Прекрасное лицо дороги было серым от асфальта.
Красные, желтые, темно-зеленые руки, упавшие наземь, трогали выбоины на лице дороги в поисках веток и стволов: они хотели прижиться и прирасти обратно. Двигались листья легкие, загорелые, но ползли даже и те, отяжелевшие, в грязи, что сгнили почти совершенно – ничего лиственного в них уже не было, – только вспухшие жилы.
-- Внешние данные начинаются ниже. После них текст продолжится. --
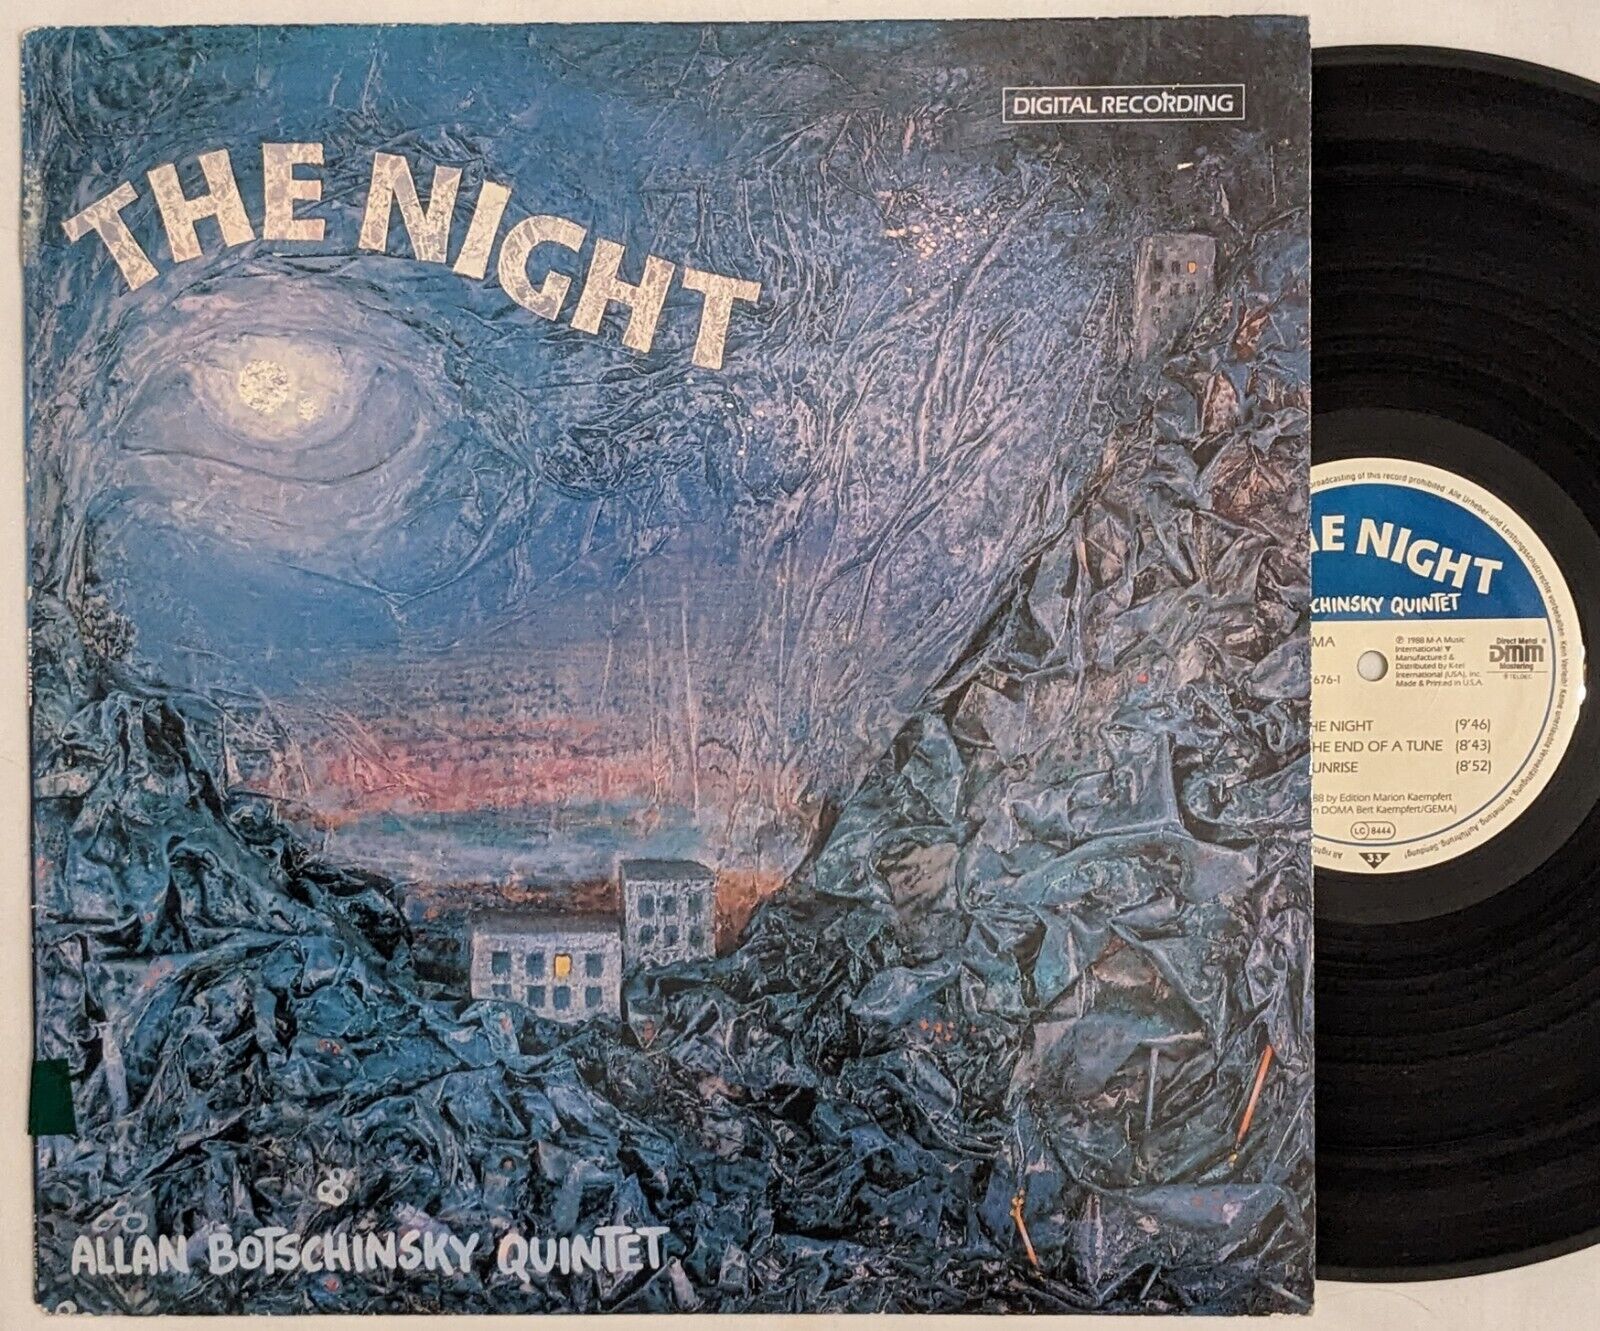 Allan Botschinsky Quintet THE NIGHT lp 1988 MA Music NU 676-1 digital DMM

Натруженные прожилки прачек, состирывавших пыль каждым дождем.
Ворох воробьев, подброшенный пинком, взлетел вместе с листьями.
Подул ветер, и дома зажеманились в лужах: они морщинились и разглаживались, как осенние лица забытых женщин.
Старуха шла по парку, нанизывая листья на острие зонта; опавшие руки моментально останавливали свое движение, они выгибалась, прибитые к дороге; так ловят шулеров и ножом пригвождают их лживые руки к столу…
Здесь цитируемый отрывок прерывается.